For avermectins extraction, the 5 mL fermentation broth from three biological replicates was diluted by mixing with 25 mL methanol and sonicated for 30 min. After centrifuging (13,800 g, 10 min), the supernatants were evaporated under reduced pressure after centrifugation. Subsequently, the concentrated products were dissolved in 1 mL methanol again and subjected to HPLC (SHIMADZU) and LC-ESI-HRMS (Thermo) analysis after filtration through a 0.22 μm Nylon66 membrane. Avermectins were detected by HPLC using a Phenomenex Luna C18 column (5 μm, 250 × 4.6 mm) at a flow rate of 1.0 mL/min using a mobile phase of (A) 0.1% formic acid in water and (B) acetonitrile. The separation gradient is as follows: 0–5 min, 65% B; 5–25 min, 65–100% B; 25–26 min, 100–65% B; 26–30 min, 65% B. Detection by LC-ESI-HRMS was on a Thermo Electron LC-ESI-HRMS using positive mode electrospray ionization fitted with a Phenomenex Luna C18 column (5 μm, 250 × 4.6 mm) at a flow rate of 0.8 mL/min using the same mobile phase and separation gradient with HPLC detection. The mass spectrometer was set to full scan (from 500 to 1250 m/z). The data were collected and processed using Thermo Xcalibur software 3.0.63 for peak alignment and formula weight layout.

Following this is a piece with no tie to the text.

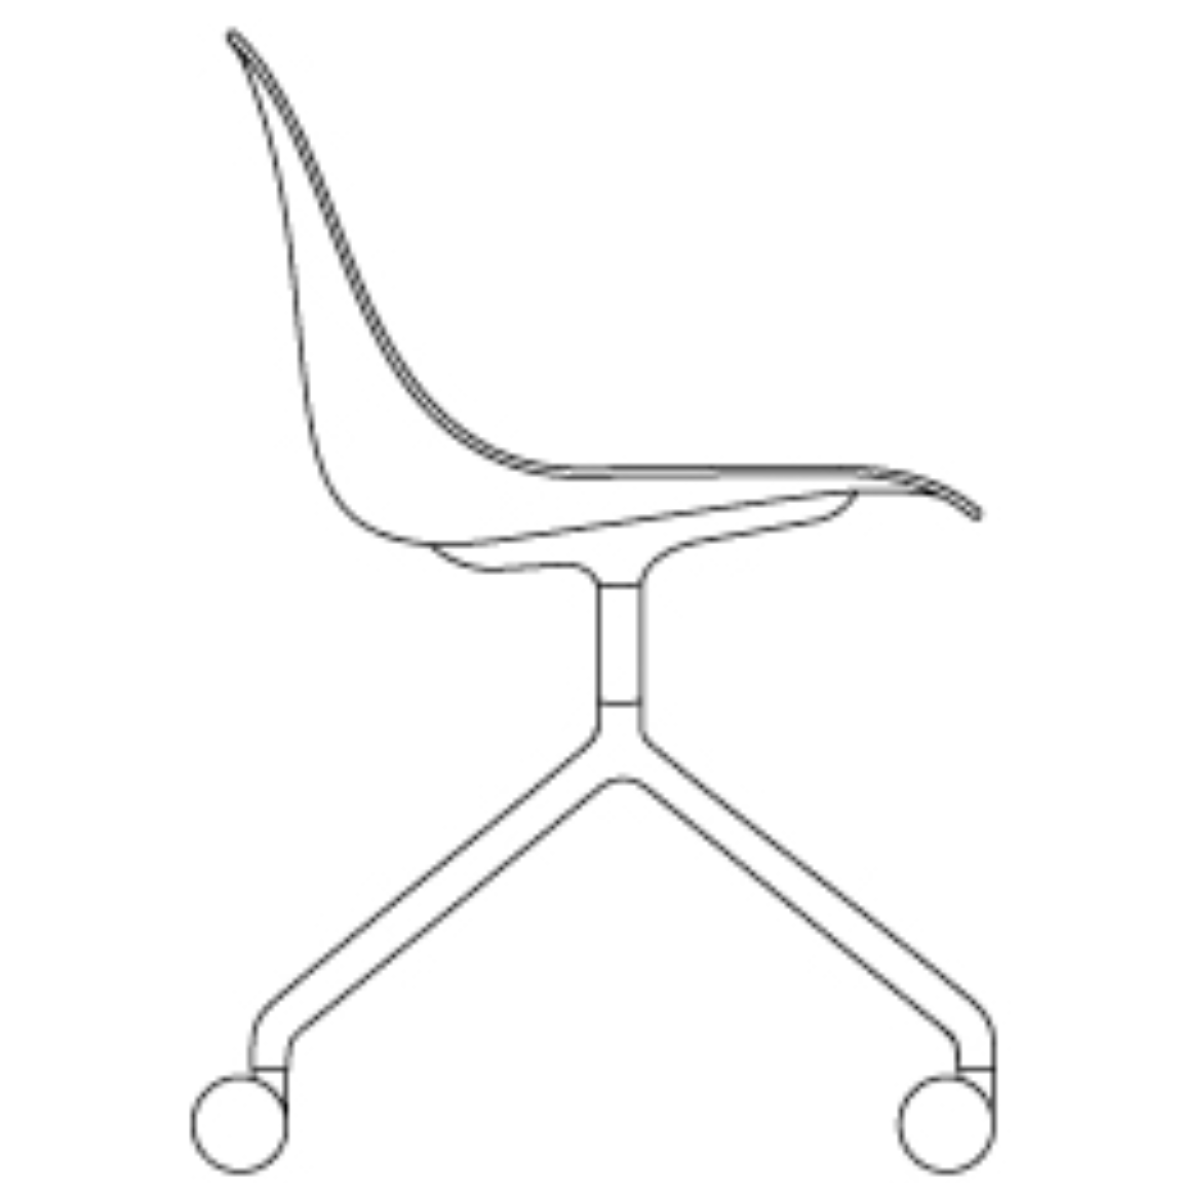 full upholstery - Fiber side chair - swivel base with castors

NMR analysis of detected compounds

1D (1H) NMR spectra were collected on an Agilent-NMR-VNMRS 600 spectrometer (Supplementary Table 1 and Supplementary Fig. 8). Chemical shifts were reported in ppm using tetramethylsilane as an internal reference, and coupling constants were reported in Hz. NMR data processing was performed using MestreNova software. The molecular formula of compound was determined according to their LC-ESI-HRMS data.

Bioinformatics analysis of base editing in S. coelicolor M145

A python script was coded to identify protospacers capable of introducing premature codons in the S. coelicolor M145 genome (Supplementary Note 1)82. Protospacers with NGN PAMs were selected for SpCas9-NG-based base editing, while those with NGG PAM were targeted for SpCas9-based editing. The editing window was defined as 4–8 nucleotides at the PAM-distal position of the protospacer.

Statistics and reproducibility

Statistical analysis was performed using GraphPad Prism 10.1.2 software using a two-tailed t-test analysis of variance hypothesis. Significant differences are marked as *P < 0.05, **P < 0.01, ***P < 0.001, ****P < 0.0001. All data are presented as mean ± s.d. or mean ± s.e.m. The number of biologically independent samples for each panel was three unless otherwise stated in the figure legends.

Reporting summary

Further information on research design is available in the Nature Portfolio Reporting Summary linked to this article.